Familiar. Collaborative. Managed.
Today we’re excited to have a guest blog post by Microsoft MVP Chris Webb. Chris is a UK based consultant (http://www.crossjoin.co.uk/) and trainer (http://www.technitrain.com/) specialising in SQL Server Analysis Services, MDX, PowerPivot and DAX. He is the co-author of three books: “MDX Solutions”, “Expert Cube Development with SQL Server Analysis Services 2008” and “SQL Server Analysis Services 2012: The BISM Tabular Model”, and blogs regularly on Microsoft BI topics at http://cwebbbi.wordpress.com/
PowerPivot is an amazing self-service business intelligence tool – it can handle massive amounts of data and perform complex calculations at lightning speeds – but its true killer feature is the fact that it integrates so well with Excel. Not only is Excel the tool of choice for the vast majority of people who work with and analyze data as part of their jobs, which means that anyone that knows Excel automatically feels at home with PowerPivot, but Excel’s ubiquity means there is a vast array of other tools available that integrate with Excel and which therefore can be used for self-service BI alongside PowerPivot. In this post we’ll look at some free tools that can be used for BI purposes and see how Excel opens up limitless possibilities for BI.
First of all, we need some data to play with. Roger Jennings recently uploaded five months of FAA data on airline flight delays to the Windows Azure Marketplace and wrote a very detailed blog post on how you can import this data into PowerPivot and a number of other different tools here. This is a great dataset – large, detailed, and something that anyone who’s sat in an airport terminal waiting for a delayed flight will be interested in.
Assuming we’ve imported all this data into PowerPivot, how can we start to explore it? Roger’s post shows how to build a pivot table and start to look at average delays by carrier, but there are many other interesting types of analysis possible as well. The first thing we can look at is what the most popular routes and airports are. Taking data from December 2011, we can build a PivotTable in Excel from the PowerPivot data very easily and find the number of flights to and from each airport, but a PivotTable isn’t a great way to visualize this type of data as you can see:
One alternative is to use NodeXL, a tool that was developed in part by Microsoft Research, that makes it very easy to explore network graphs inside Excel. The screenshot below shows what it can do with the same data: the most connected airports such as JFK are at the center of the diagram, while the least connected such as WRG (Wrangell airport in Alaska) are at the edge. The opacity of the lines connecting the airports reflects the number of flights on a route.
It’s also very easy to zoom in and out, highlight a single airport such as Houston (HOU), and see the other airports you can fly to from there.
Maybe it would be better to see the airports on a map though? With a simple web search we can find a csv file with the latitudes and longitudes of all the airports of the world in it and csv files are usually very easy to import into PowerPivot. However, in this case there are a few issues with the data that cause problems for PowerPivot if you load it in directly: it contains a lot of airports that don’t have a three-letter IATA code and there are a few cases where the IATA code is duplicated.

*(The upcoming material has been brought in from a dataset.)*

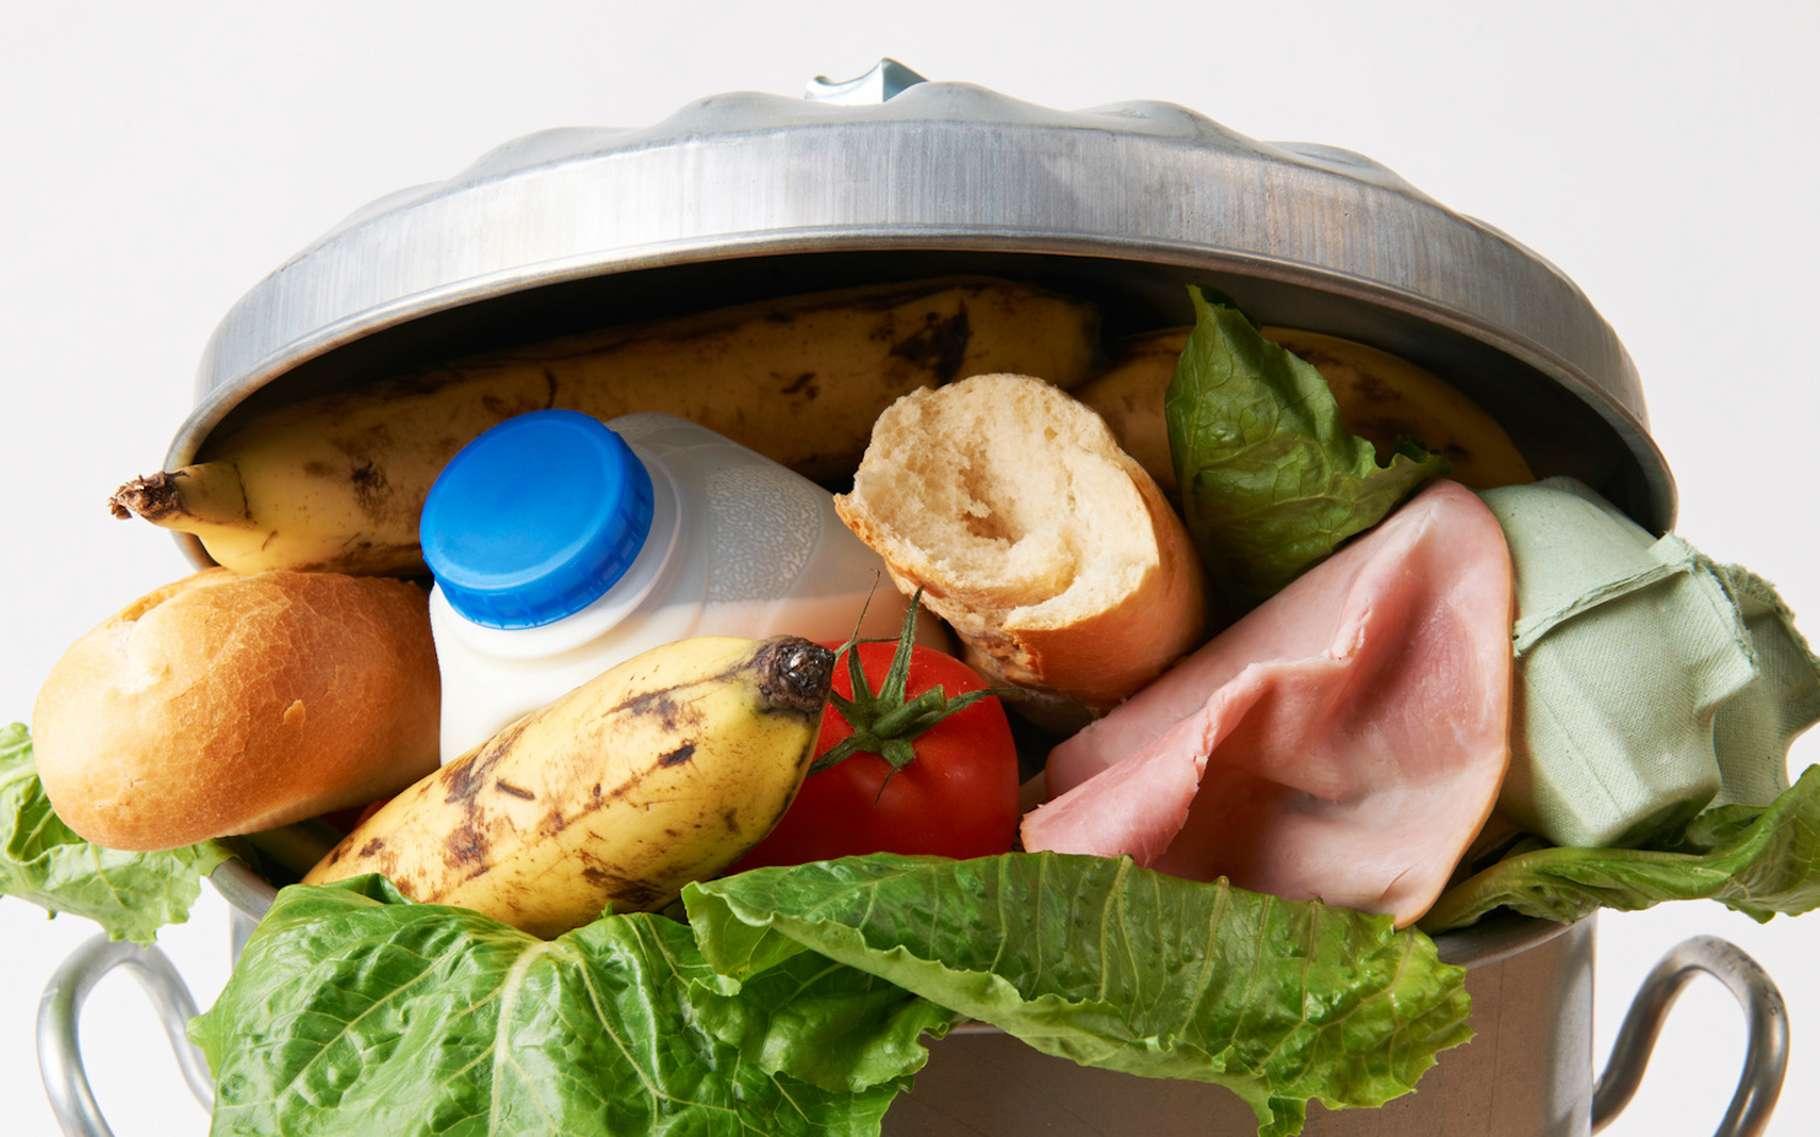 Restes de repas, fruits et légumes, produits entamés, produits non déballés, boissons, liquides alimentaires, pain. Chaque année, un Français jette à la poubelle plus de 20 kg de denrées alimentaires. © highwaystarz, Fotolia

To clean up the data we can use a new tool from the SQL Azure Labs called Data Explorer which allows us to create automated procedures that clean, transform, filter and perform calculations on data and then load it directly into Excel. For this data, filtering on airports in the US which have a scheduled service and an IATA code avoids the problem:
With this hurdle overcome it is now very simple to plot each airport on a map using another tool from Microsoft Research called Layerscape. Layerscape is an Excel addin that allows you to take spatial data from Excel and visualize it using Microsoft World Wide Telescope; you can find a more detailed explanation of how it can be used with PowerPivot here and here on my blog.

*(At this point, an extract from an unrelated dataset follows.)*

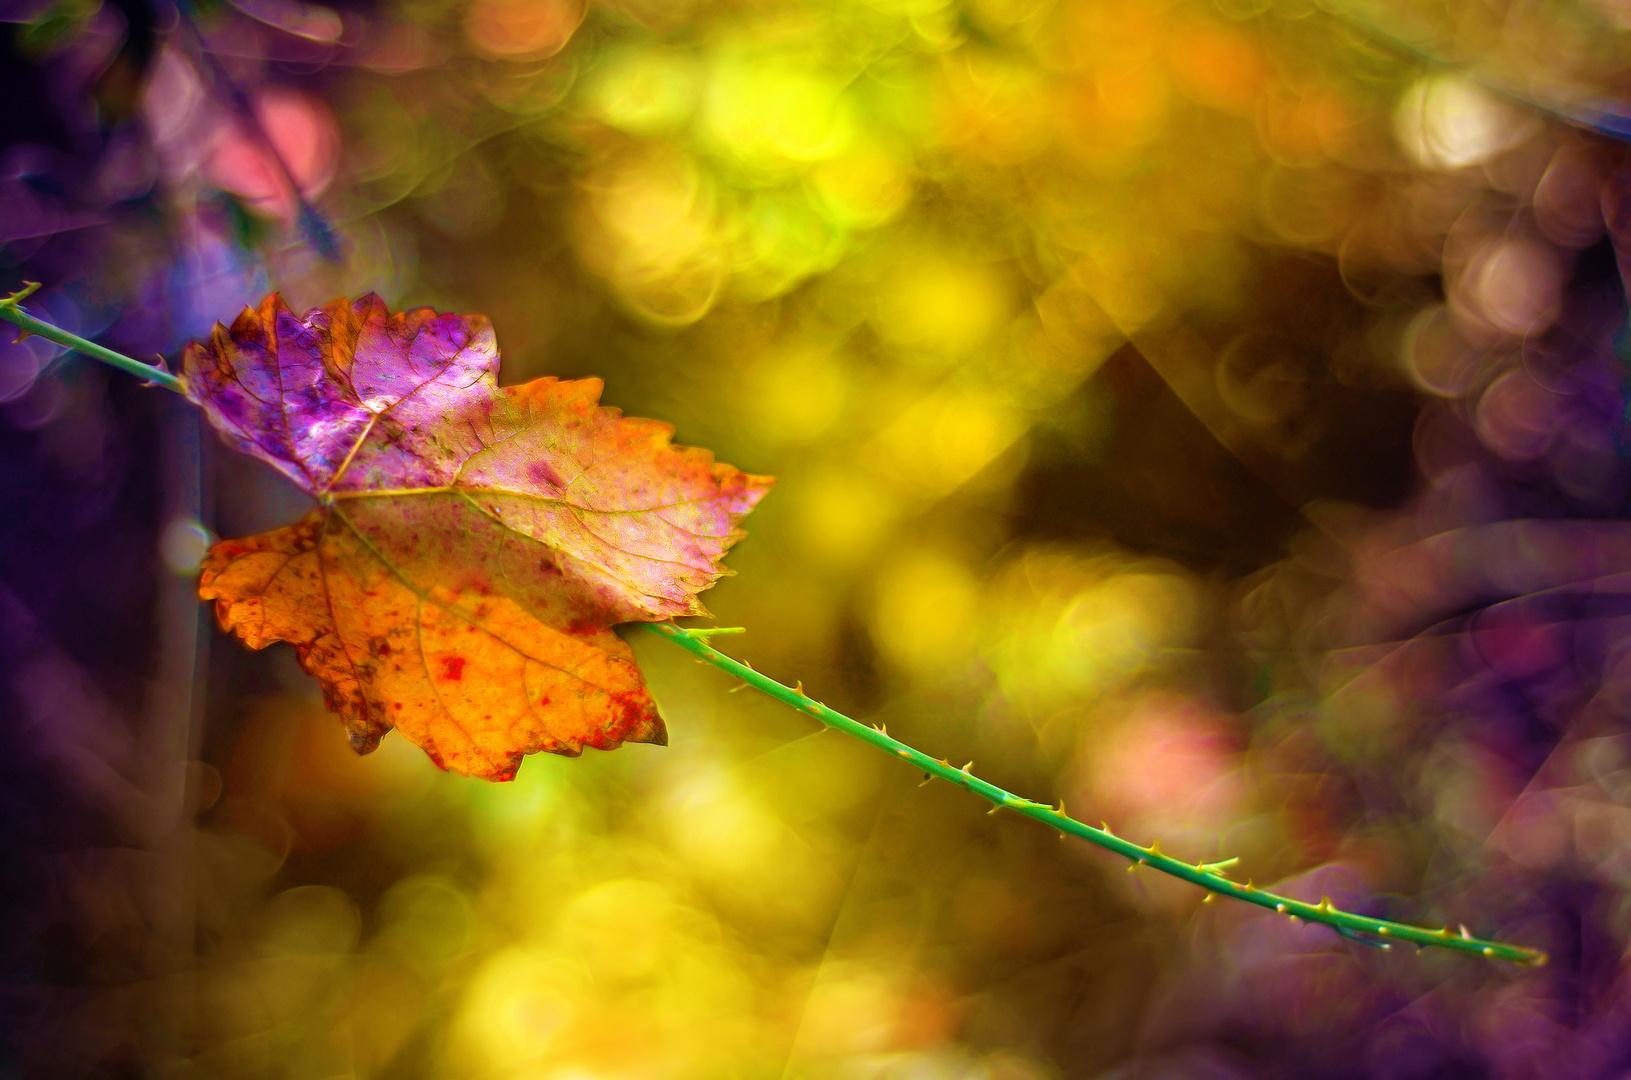 La luz y las hojas de colores.

In the screenshot below, the size of the marker used for each airport is related to the number of flights that originate from it:
It’s also very easy to zoom in, pan, tilt and explore your data once it’s in World Wide Telescope – here we can see more detail about the airports in the northwest of the USA with the number of flights now shown through different-sized circles:
What about those flight delays though? We can use the Excel Data Mining Addin to look at this: it makes it very easy to apply a number of machine learning and statistical techniques to data in Excel tables. The ‘Analyze Key Influencers’ functionality (there are good explanations of how to use this here and here) can help to determine what values in our data are associated with departure delays.
It reveals that one or two airlines and airports are by far the worst offenders as far as delayed flights go – but I won’t name them here for obvious reasons! Less controversially, we can see the influence that date had on departure delays, and from the results we can see that the 2011 holiday period was definitely a bad time to travel:
This has been a whirlwind tour of just a few of the tools that are out there that can help you analyze your data in Excel alongside PowerPivot. All of the tools that have been mentioned are capable of much, much more than I’ve had time to show, and there are hundreds of other tools out there from Microsoft and its partners that can be used for similar purposes – using Excel as the platform for your self-service BI opens up limitless possibilities. Hopefully you’ll have seen something to inspire you to look at your data in a new way!
Great blog post with awesome examples.